The expected output is exactly the lines below, starting at the line with "KK_S18 Chakra Bliss" and ending at the line with "Brothers Of The Apocalypse movie postr", both included; no other line belongs in it.

======== Records to use

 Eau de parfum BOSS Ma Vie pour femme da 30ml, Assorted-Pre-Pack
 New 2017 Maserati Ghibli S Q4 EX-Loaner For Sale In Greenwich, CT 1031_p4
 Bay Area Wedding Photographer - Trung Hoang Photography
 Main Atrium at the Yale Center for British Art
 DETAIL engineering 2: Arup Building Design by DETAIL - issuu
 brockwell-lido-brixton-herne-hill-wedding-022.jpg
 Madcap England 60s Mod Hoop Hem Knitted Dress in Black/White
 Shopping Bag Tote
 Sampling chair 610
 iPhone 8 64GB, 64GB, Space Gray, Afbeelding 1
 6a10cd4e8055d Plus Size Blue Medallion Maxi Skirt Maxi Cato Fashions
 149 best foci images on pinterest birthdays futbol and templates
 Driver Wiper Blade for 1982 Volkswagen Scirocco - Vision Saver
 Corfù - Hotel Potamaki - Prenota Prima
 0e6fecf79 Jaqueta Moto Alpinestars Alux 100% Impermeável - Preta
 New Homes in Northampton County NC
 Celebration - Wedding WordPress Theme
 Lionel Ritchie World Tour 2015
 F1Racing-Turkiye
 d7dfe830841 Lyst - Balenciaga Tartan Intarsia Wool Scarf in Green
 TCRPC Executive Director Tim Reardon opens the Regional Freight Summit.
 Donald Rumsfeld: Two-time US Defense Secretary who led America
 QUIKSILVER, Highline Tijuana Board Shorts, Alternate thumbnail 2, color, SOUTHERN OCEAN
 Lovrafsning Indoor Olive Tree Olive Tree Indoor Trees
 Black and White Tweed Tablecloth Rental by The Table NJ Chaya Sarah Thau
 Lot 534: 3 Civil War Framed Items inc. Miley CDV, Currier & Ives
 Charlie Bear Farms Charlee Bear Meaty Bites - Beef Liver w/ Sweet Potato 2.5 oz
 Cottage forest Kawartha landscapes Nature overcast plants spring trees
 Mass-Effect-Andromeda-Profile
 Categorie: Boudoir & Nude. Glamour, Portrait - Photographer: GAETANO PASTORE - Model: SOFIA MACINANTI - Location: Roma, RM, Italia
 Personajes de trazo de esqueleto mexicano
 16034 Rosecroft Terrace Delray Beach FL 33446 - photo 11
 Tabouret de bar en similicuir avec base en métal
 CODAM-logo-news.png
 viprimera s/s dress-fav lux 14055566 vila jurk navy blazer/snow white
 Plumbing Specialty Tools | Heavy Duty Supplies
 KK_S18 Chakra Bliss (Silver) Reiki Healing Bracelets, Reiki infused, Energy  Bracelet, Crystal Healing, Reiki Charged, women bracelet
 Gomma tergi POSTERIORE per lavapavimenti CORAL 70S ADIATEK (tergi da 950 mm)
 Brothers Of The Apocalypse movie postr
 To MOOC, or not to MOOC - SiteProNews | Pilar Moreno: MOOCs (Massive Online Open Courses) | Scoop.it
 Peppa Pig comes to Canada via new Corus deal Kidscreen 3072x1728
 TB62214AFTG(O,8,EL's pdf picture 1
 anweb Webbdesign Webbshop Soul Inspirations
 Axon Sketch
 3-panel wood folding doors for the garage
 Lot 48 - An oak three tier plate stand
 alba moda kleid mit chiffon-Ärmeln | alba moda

================

> _Result of this exercise_:
 KK_S18 Chakra Bliss (Silver) Reiki Healing Bracelets, Reiki infused, Energy  Bracelet, Crystal Healing, Reiki Charged, women bracelet
 Gomma tergi POSTERIORE per lavapavimenti CORAL 70S ADIATEK (tergi da 950 mm)
 Brothers Of The Apocalypse movie postr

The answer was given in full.